- RECORDS FOR THE EXERCISE

************

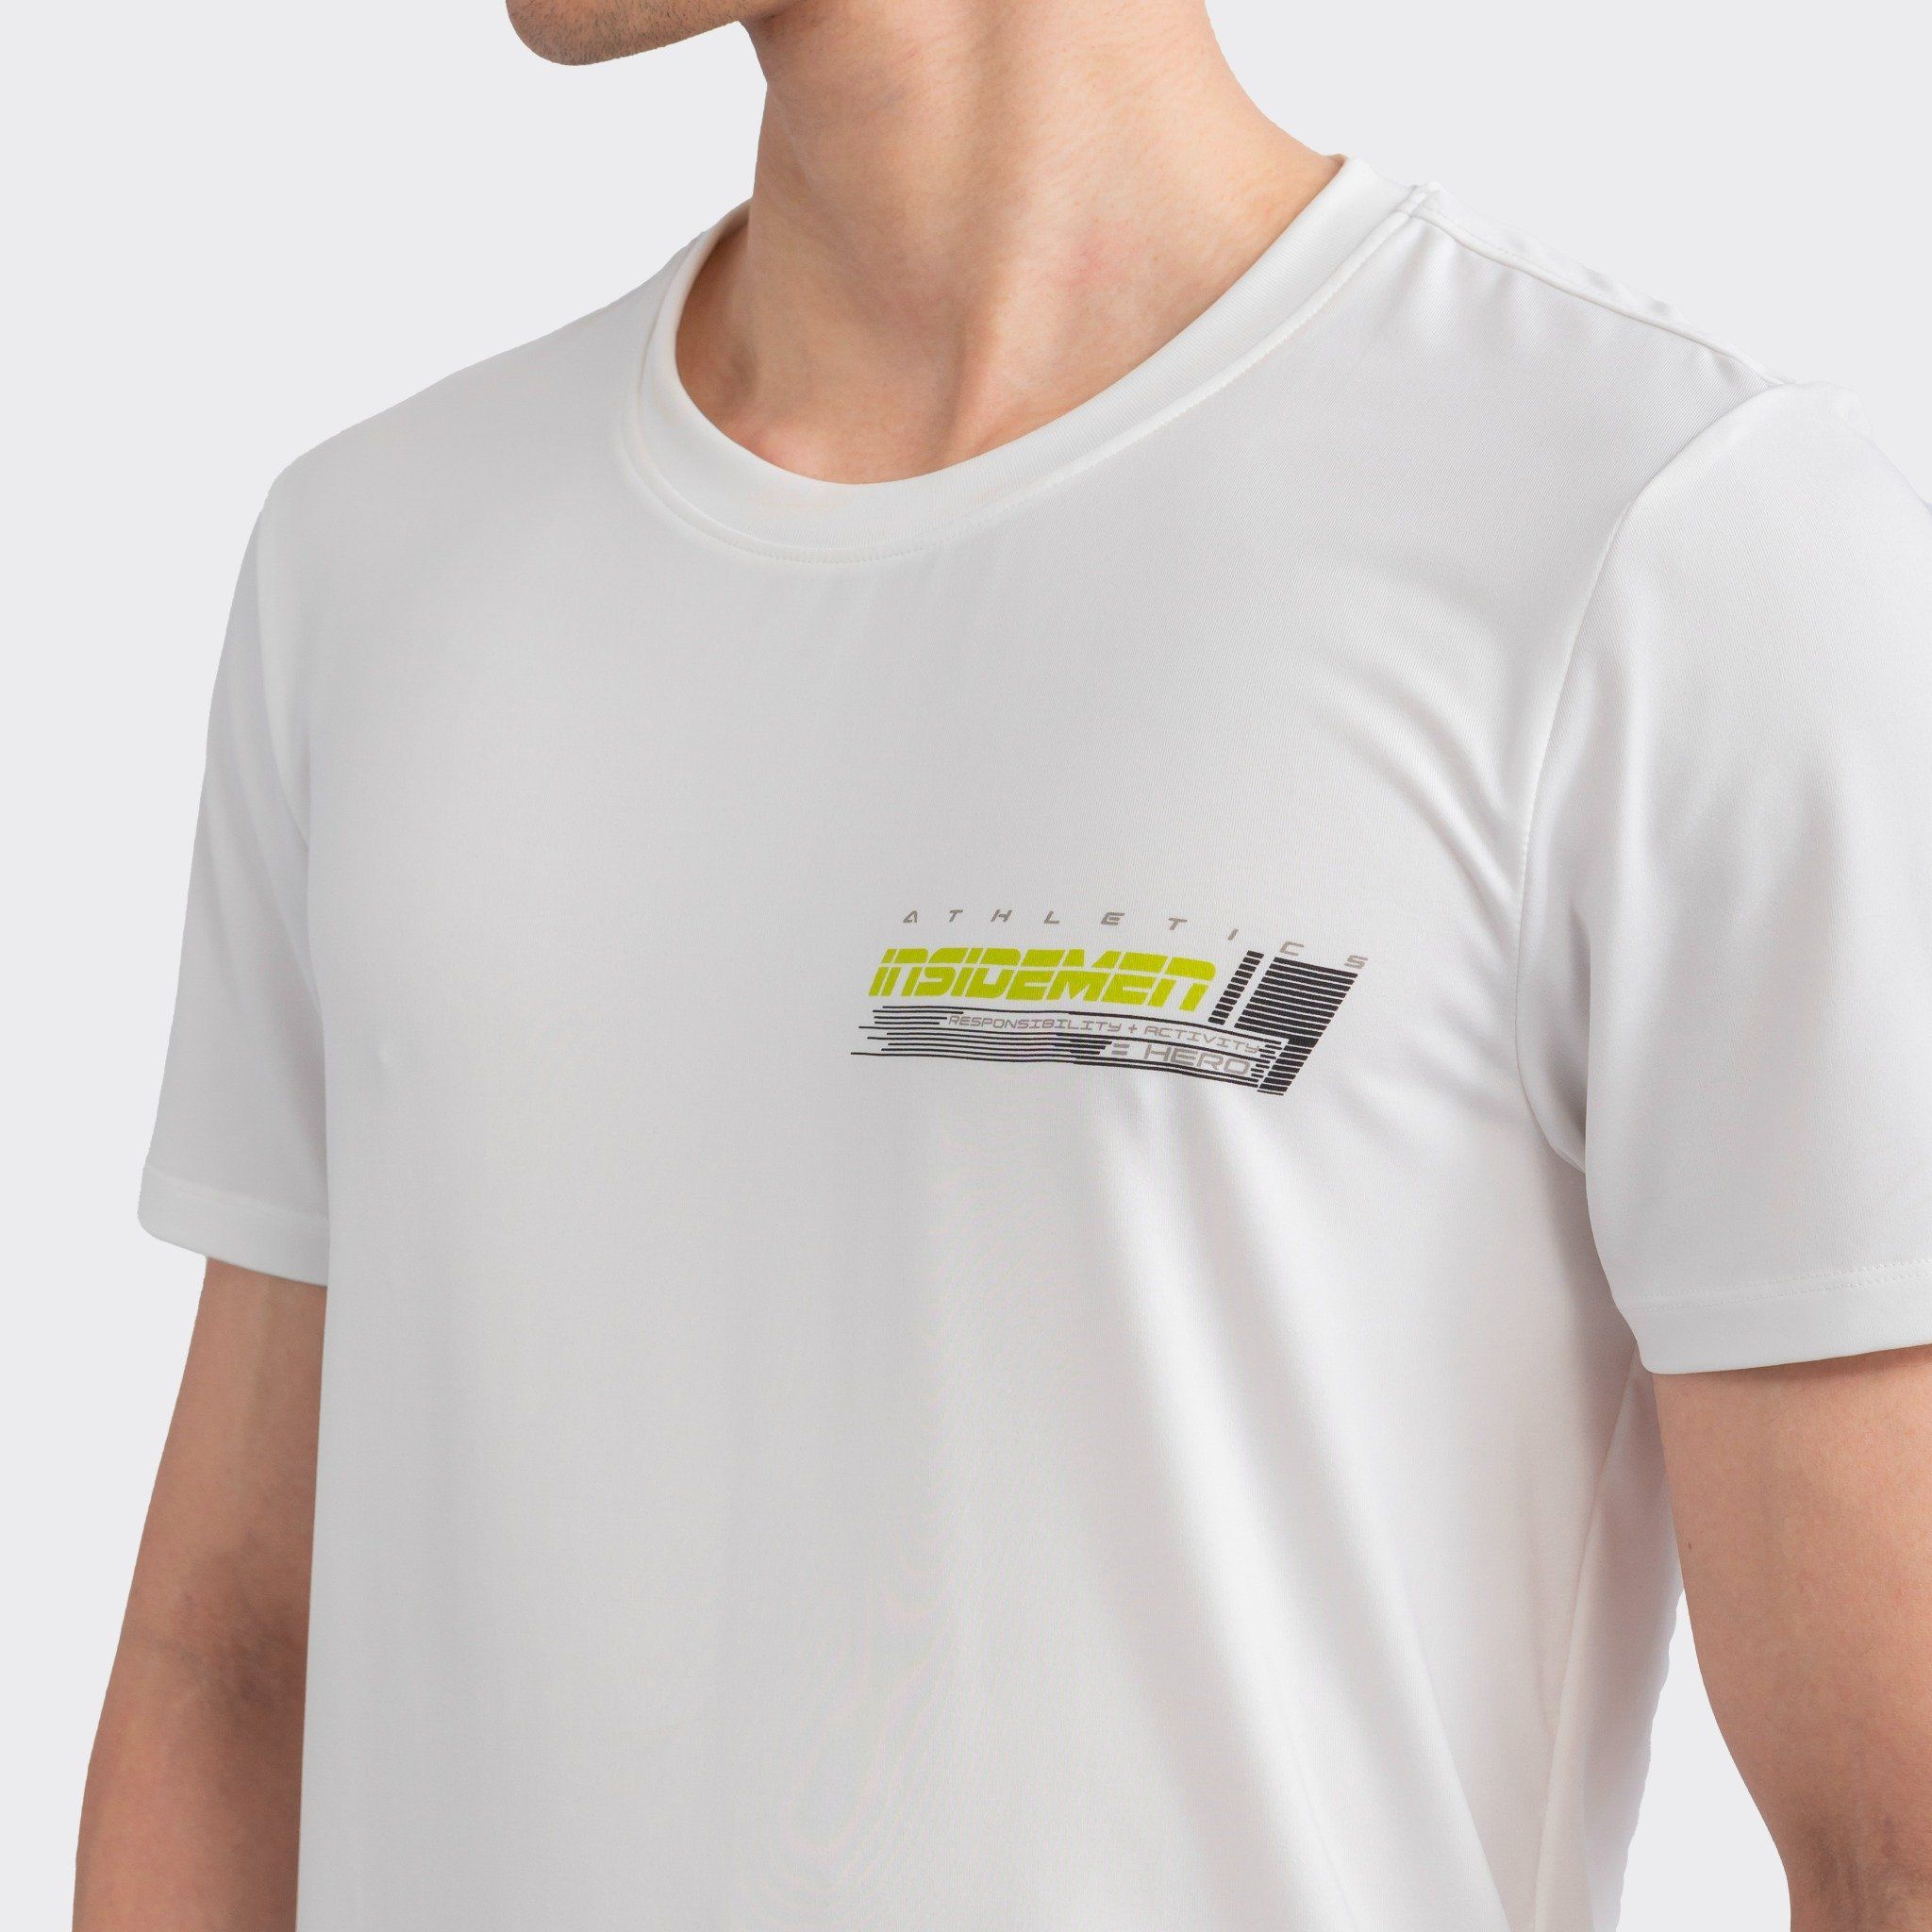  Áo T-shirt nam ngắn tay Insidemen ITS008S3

************

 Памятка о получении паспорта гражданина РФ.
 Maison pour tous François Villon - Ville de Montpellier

************

Looking back over the data above, restate word for word the lines that begin at the line with "Памятка о получении паспорта гражданина РФ." and end at the line with "Maison pour tous", inclusive.

 Памятка о получении паспорта гражданина РФ.
 Maison pour tous François Villon - Ville de Montpellier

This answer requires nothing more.